# Intel(R) Pentium(R) D CPU 2.80GHz



## garettrules

i have a Intel(R) Pentium(R) D CPU 2.80GHz and i use a program called easy tune5 PRO to over clock it came with mother board and i tried over clocking from 2.8 Ghz to 3 Ghz and once i did it froze froze for liek 10 secs then shut down then restarted and then everytime i logged back on it would retsrta so i stoped for like an hour now it works again and i only overclocked by 200Ghz and some people do liek 1.7 Ghz- 2.7Ghz no problem what should i do?


----------



## Underclocker

Do a CMOS reset:

1. Unplug the power cord, hit the power button a few times.
2. Open the case, find the CMOS reset pins, and short pins 2 and 3.
3. Replace it back to pins 1 and 2.
4. Plug power cord back in and boot.

If you're going to overclock I recommend you do it manually in the BIOS so that you know precisely where you went wrong. Third party OC software are typically buggy.

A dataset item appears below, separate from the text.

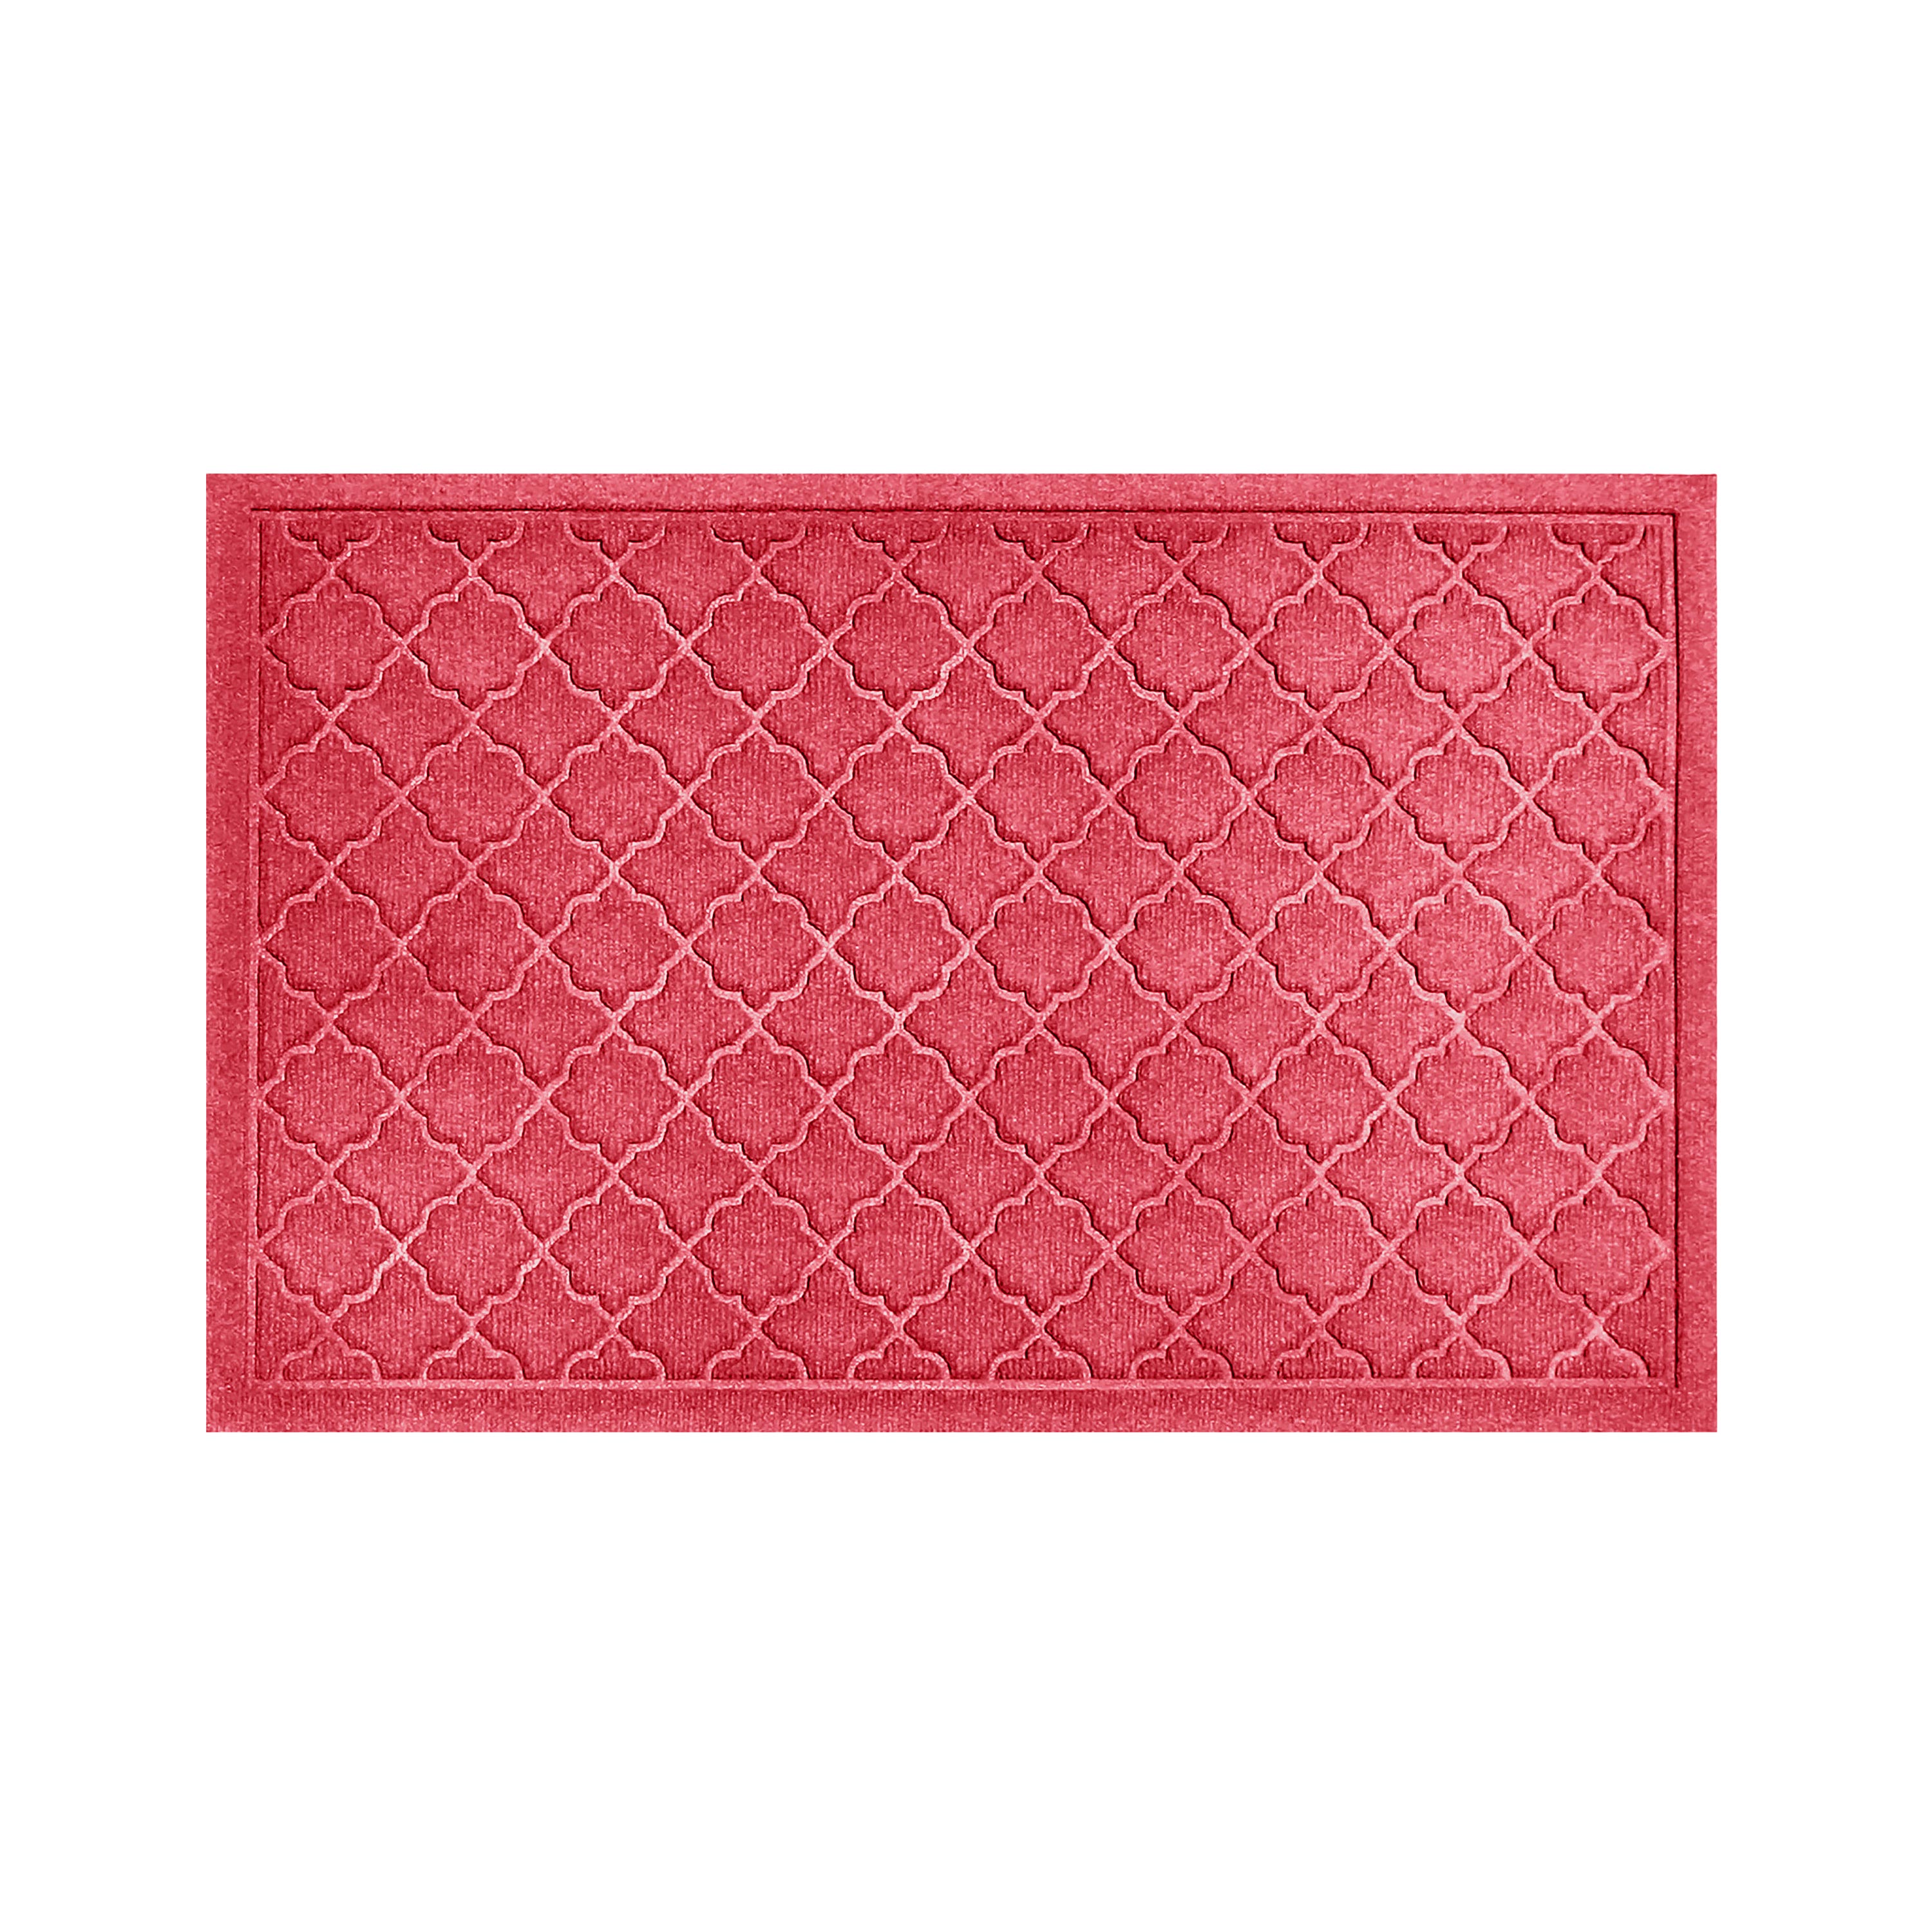 Waterhog Indoor/Outdoor Geometric Doormat, 22" x 60" - Red

Not all systems are the same, yours might only be able to do an extra 200MHz. Assuming you have a decent power supply, relax the RAM timings and drop the FSB:RAM ratio for lower RAM frequency and see if the CPU can go higher.

The 1.7GHz to 2.7GHz OCs you're talking about are probably the Core 2 chips which are a completely different design and can OC much more than the Prescott Pentium D.


----------



## Fapguy

I'm going to overclock that CPU as well on a ASUS P5QL pro motherboard, just wondering, what fan is the best for cooling, nothing else? I just want low temps hehe.. and can you give me a guide on how to overclock? 4Ghz is my goal, 3.8 doesnt look as sweet as 4  

750watts corsair, no problems except i need other than stock cooler.. and i have a huge case so size is no problem either  well, nothing the size of a house of course.. thanks


----------